[DATA BELOW]:
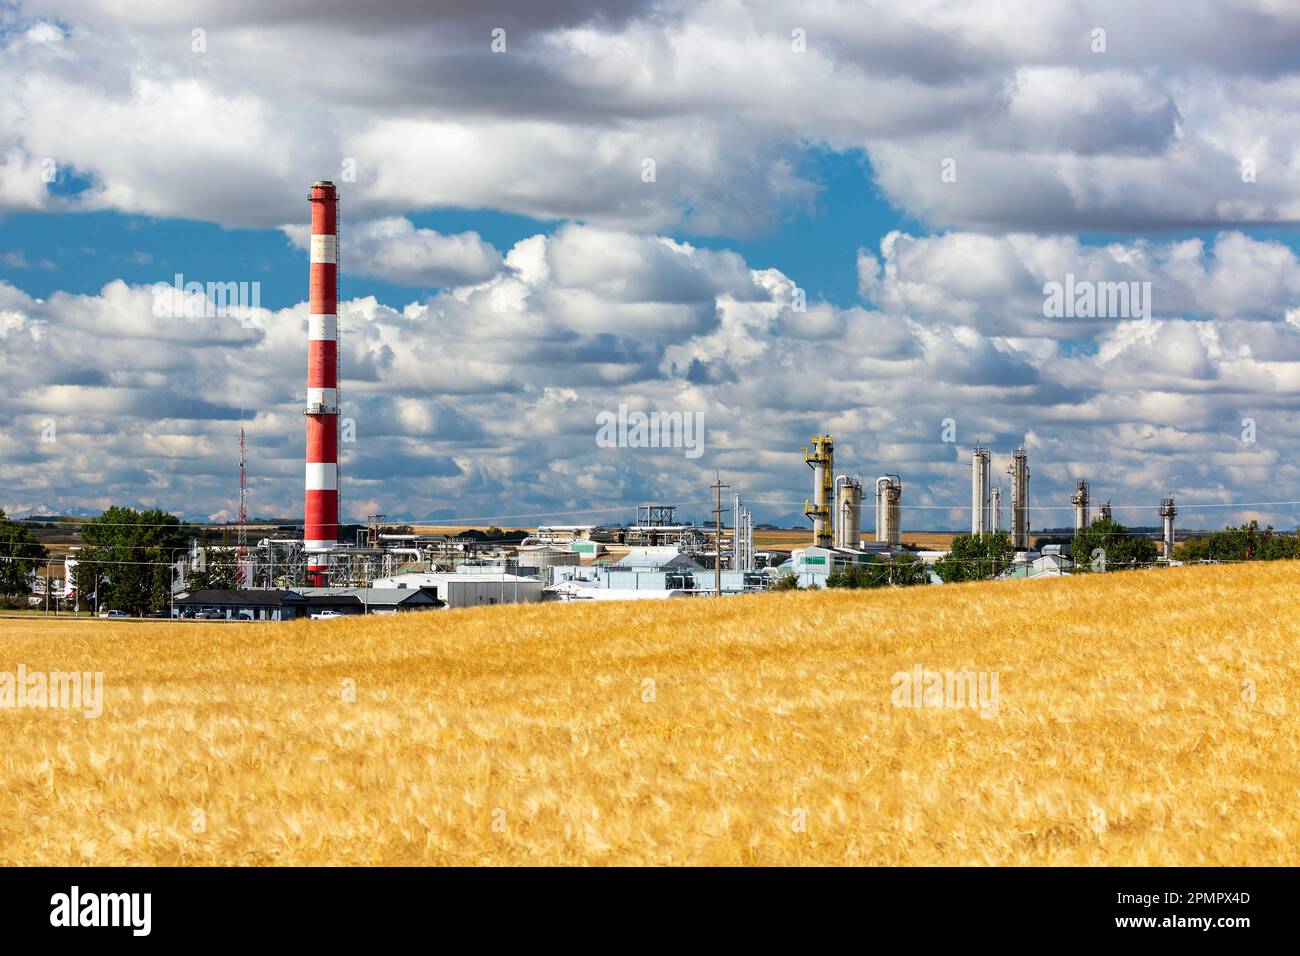 Impianto a gas con torre a righe rosse e bianche con nuvole e cielo blu e un raccolto di grano dorato in primo piano, a sud di Crossfield, Alberta Foto Stock
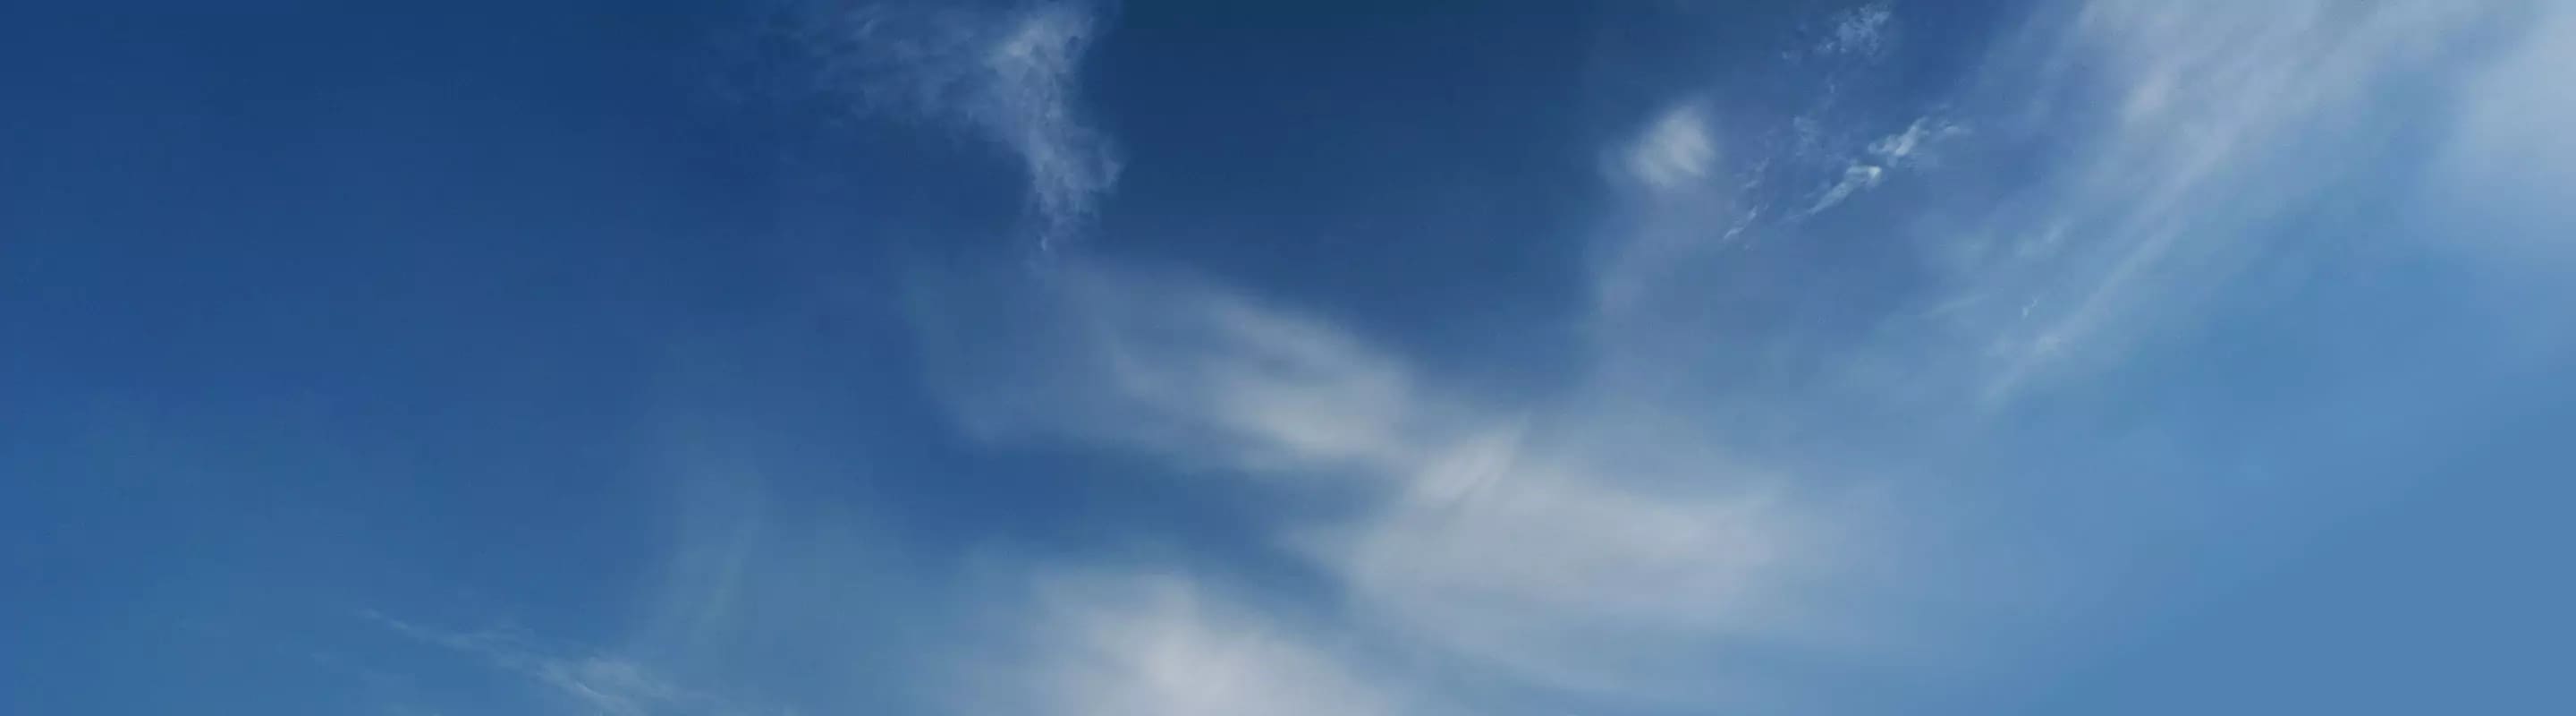 듬성 듬성 구름이 있는 푸른 하늘
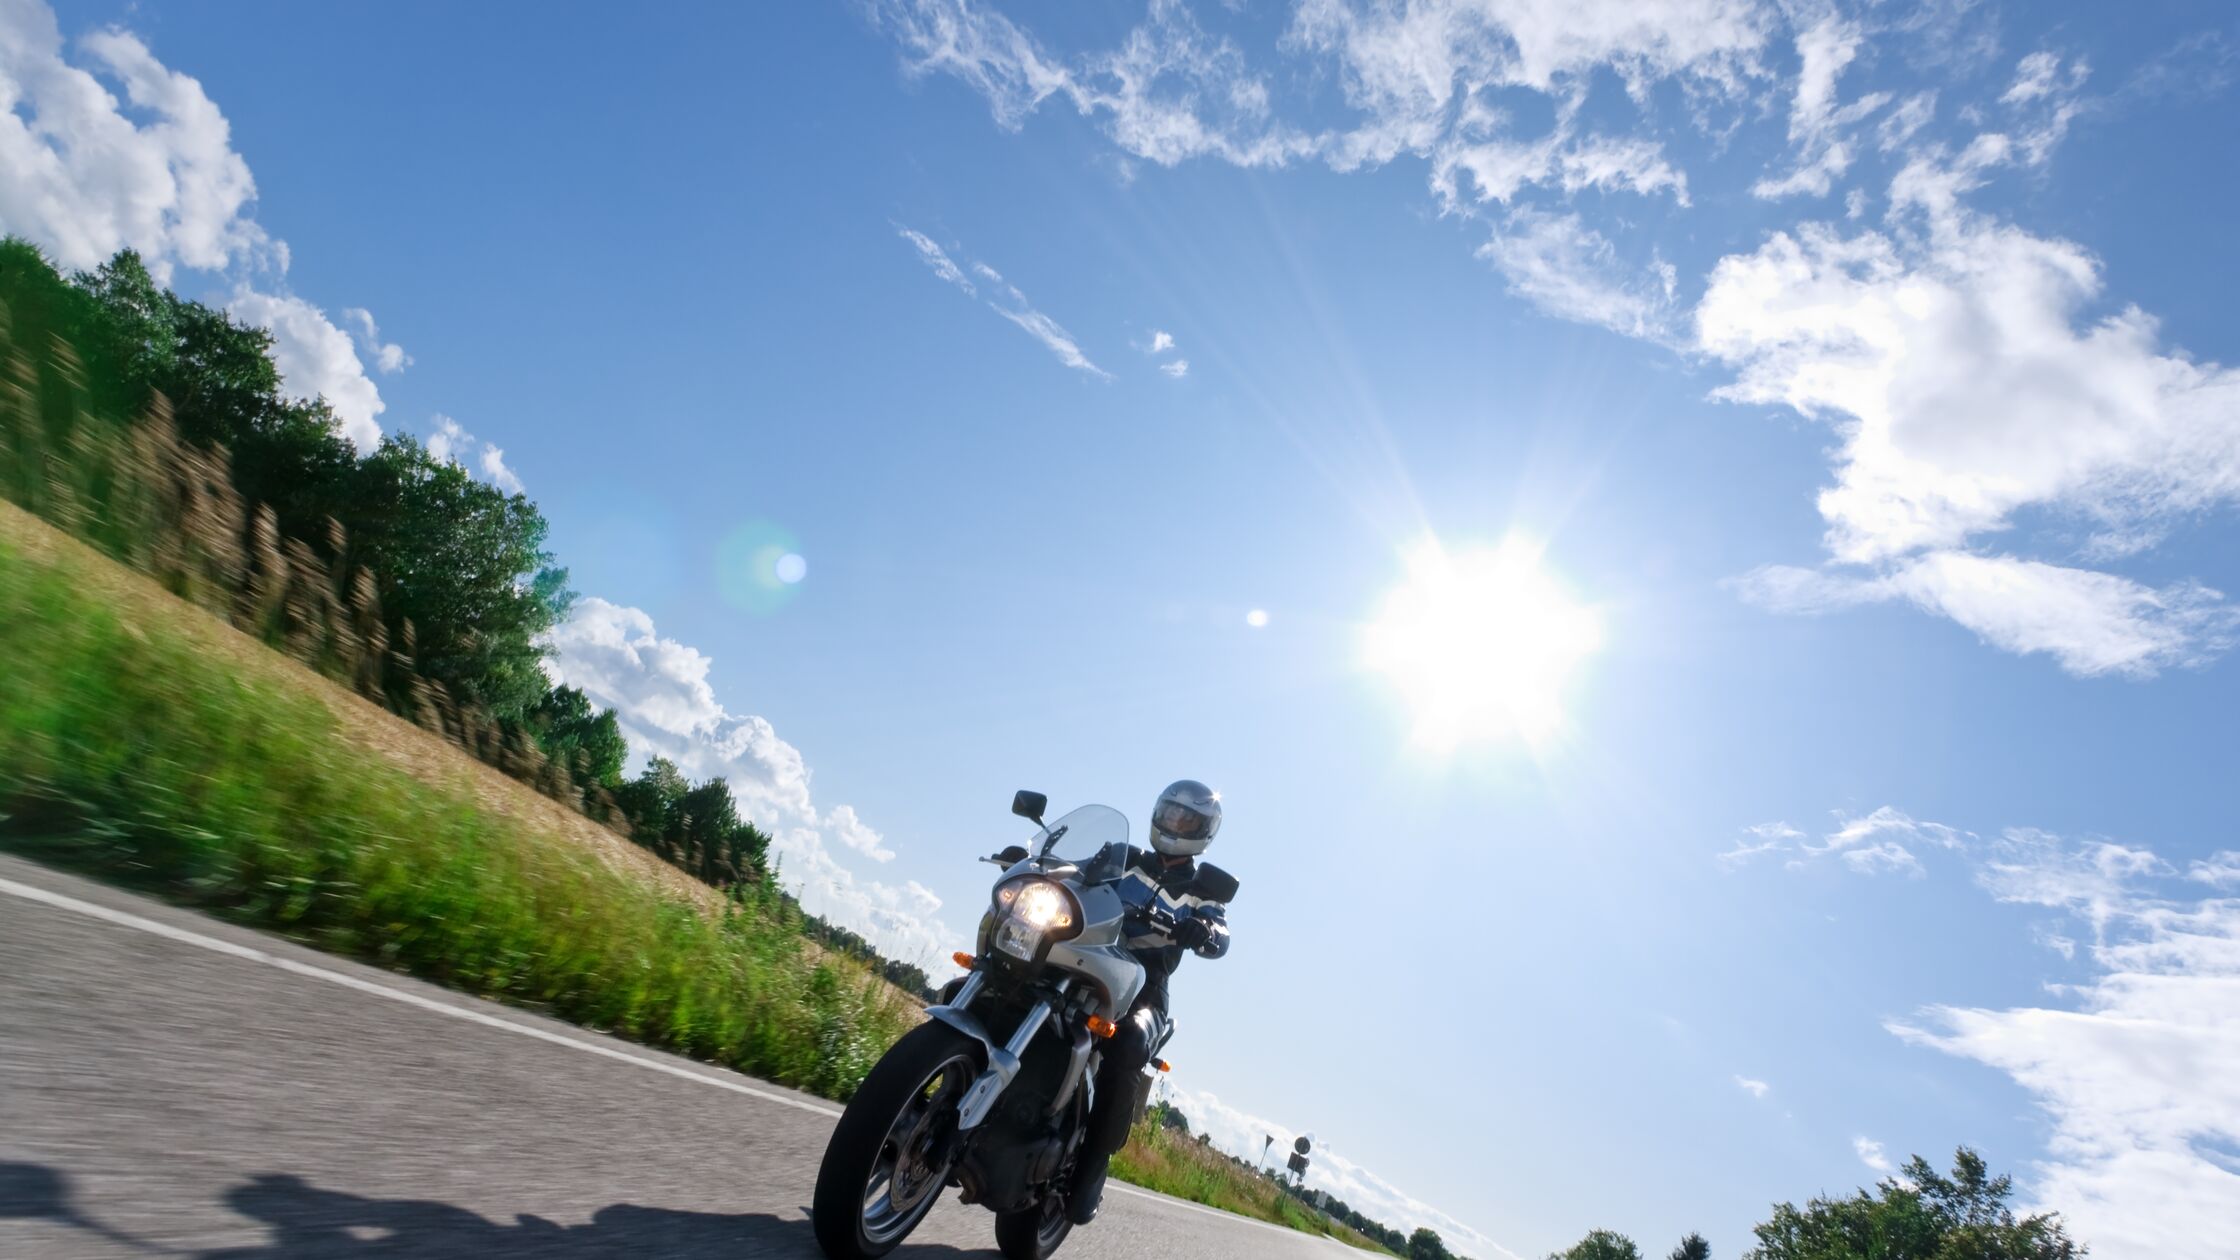 Motorrad transportieren: Sicher Umziehen mit dem PS-starken Zweirad

[WHAT YOU ARE ASKED TO DO]: Give back the whole listing as it stands, minus its pictures.

[ANSWER BOX]:
 Impianto a gas con torre a righe rosse e bianche con nuvole e cielo blu e un raccolto di grano dorato in primo piano, a sud di Crossfield, Alberta Foto Stock
 듬성 듬성 구름이 있는 푸른 하늘
 Motorrad transportieren: Sicher Umziehen mit dem PS-starken Zweirad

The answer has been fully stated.